_REQUIRED WORK_
Look through the entries below and copy exactly the part that begins with the line containing "Chacoral Soft wallet flap large" and ends with the line containing "From left to". Do not copy the pictures.

_SOURCE MATERIAL_
'''

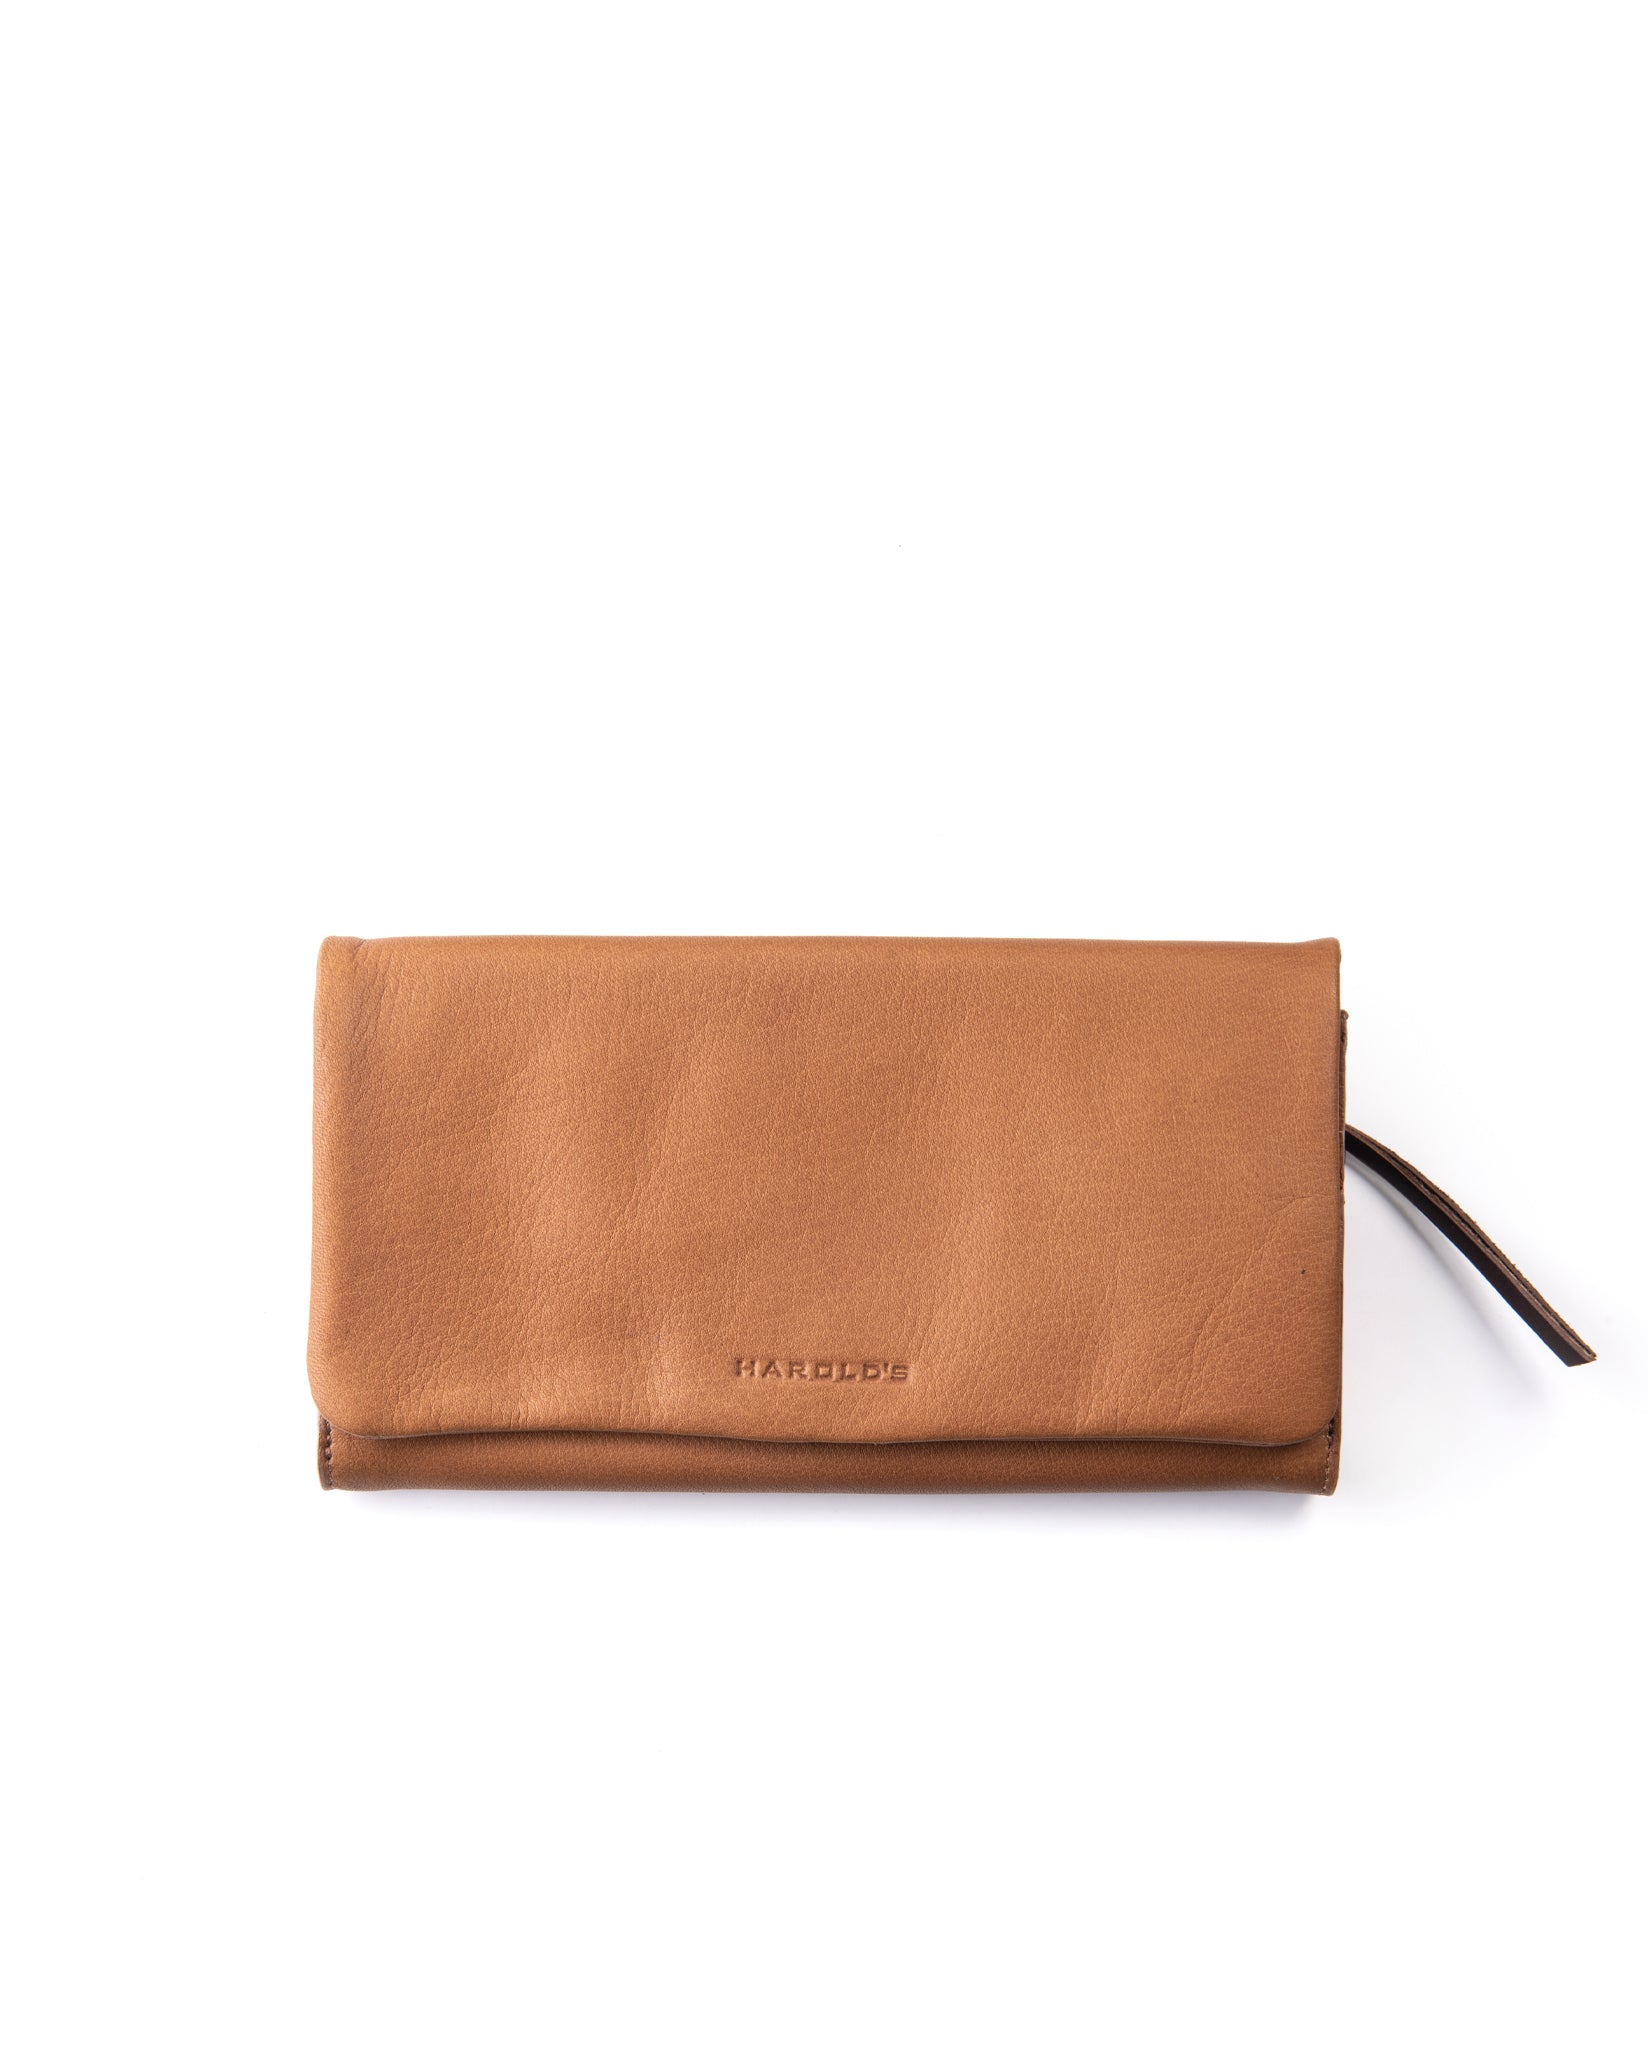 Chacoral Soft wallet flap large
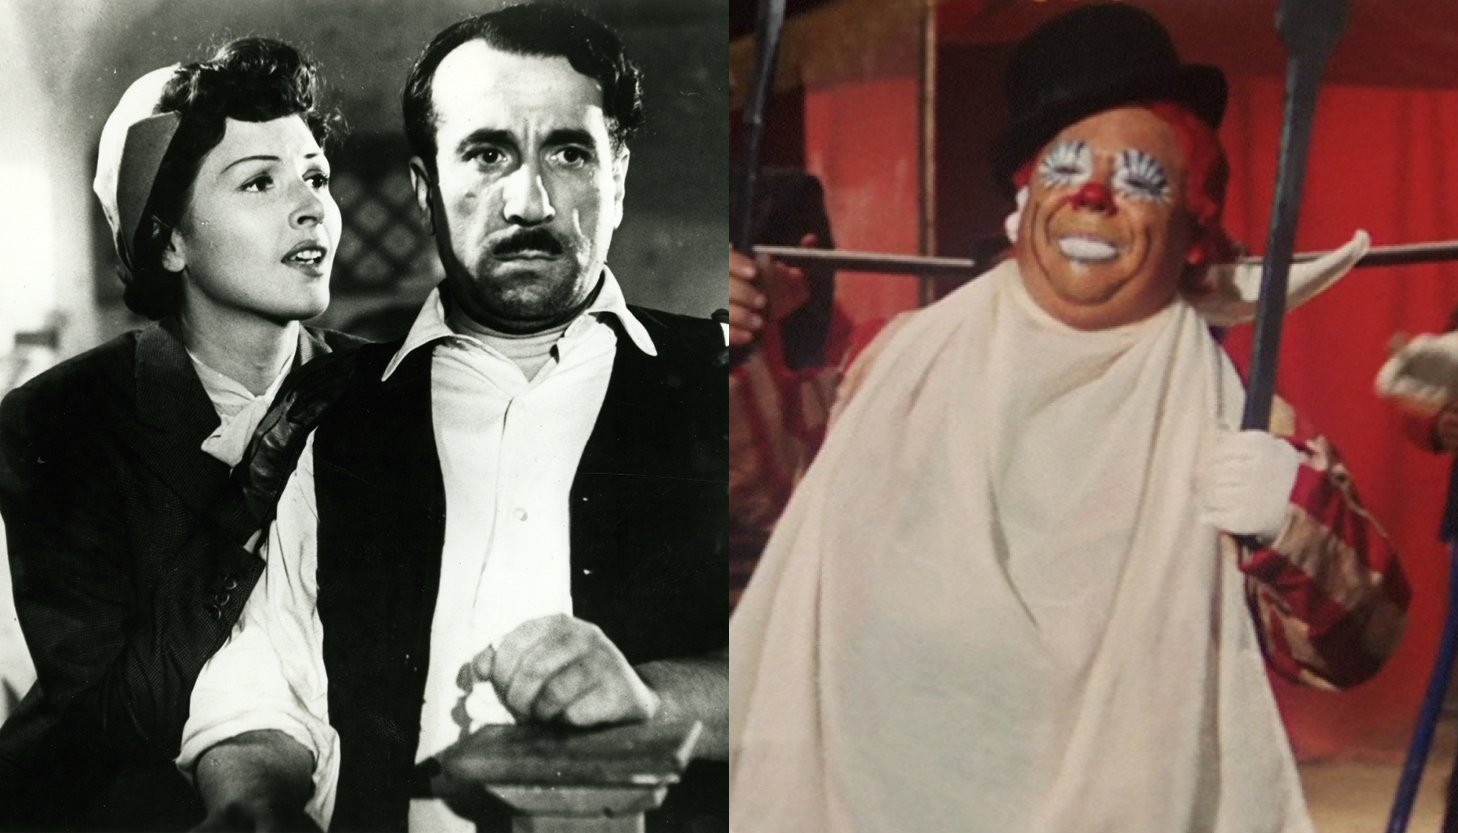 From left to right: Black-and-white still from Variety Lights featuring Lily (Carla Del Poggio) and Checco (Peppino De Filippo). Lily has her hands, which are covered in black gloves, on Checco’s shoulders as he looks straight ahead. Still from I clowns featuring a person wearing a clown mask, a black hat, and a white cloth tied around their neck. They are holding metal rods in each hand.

'''
'''

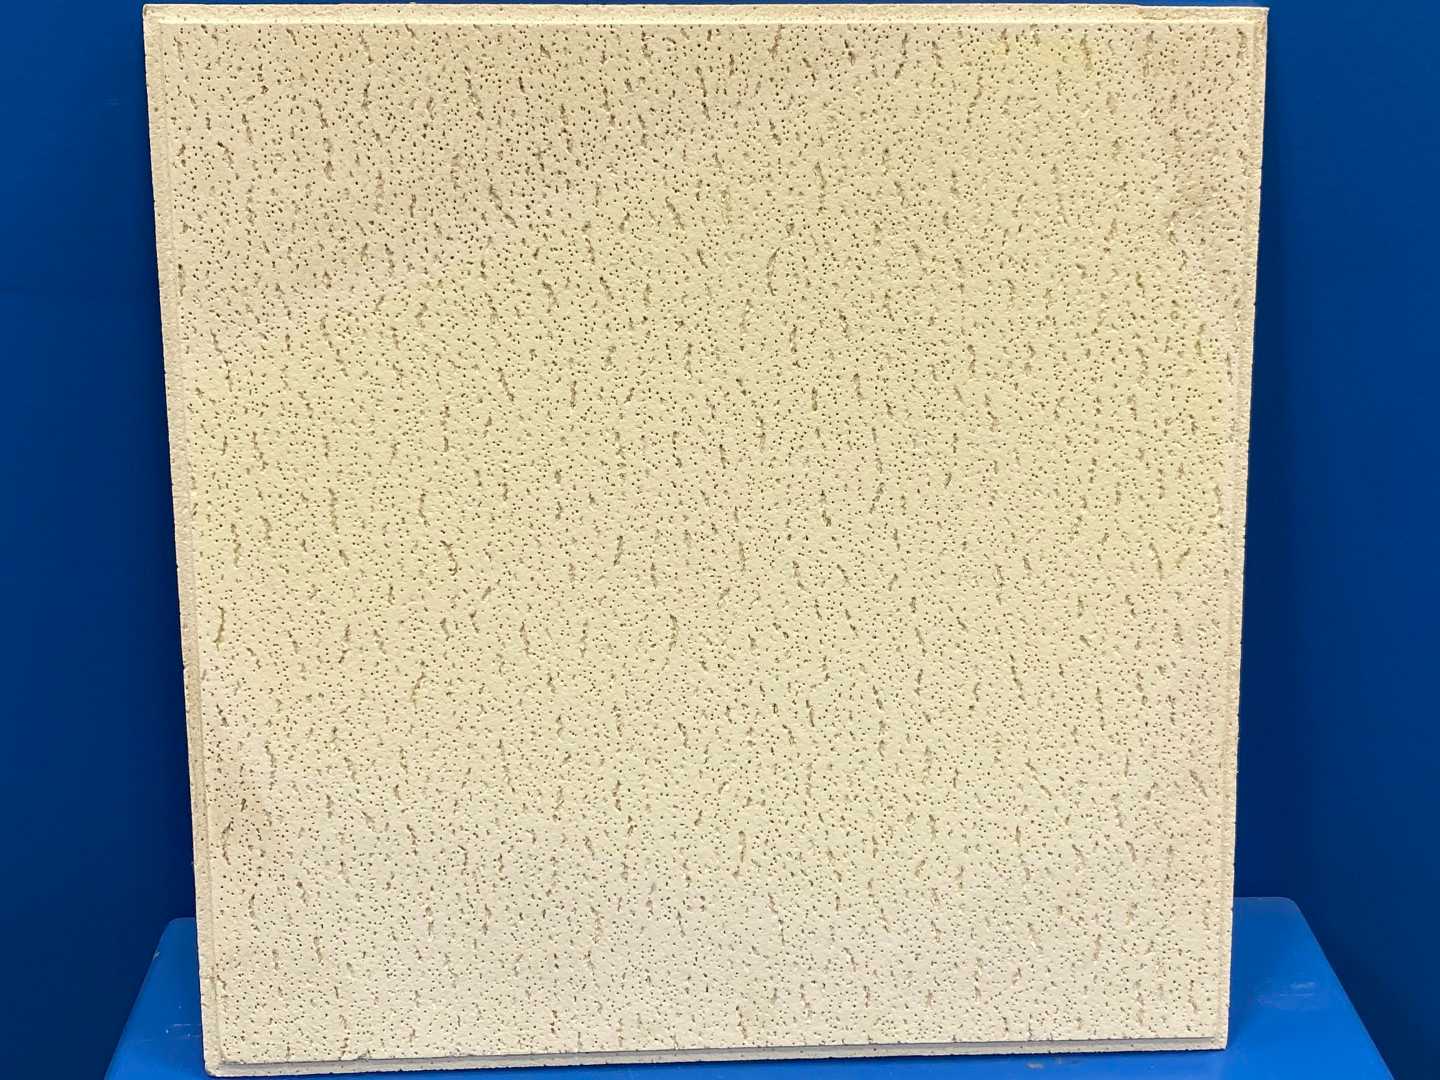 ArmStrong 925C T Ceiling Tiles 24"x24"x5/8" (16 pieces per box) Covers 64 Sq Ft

'''

_WRITTEN ANSWER_
 Chacoral Soft wallet flap large
 From left to right: Black-and-white still from Variety Lights featuring Lily (Carla Del Poggio) and Checco (Peppino De Filippo). Lily has her hands, which are covered in black gloves, on Checco’s shoulders as he looks straight ahead. Still from I clowns featuring a person wearing a clown mask, a black hat, and a white cloth tied around their neck. They are holding metal rods in each hand.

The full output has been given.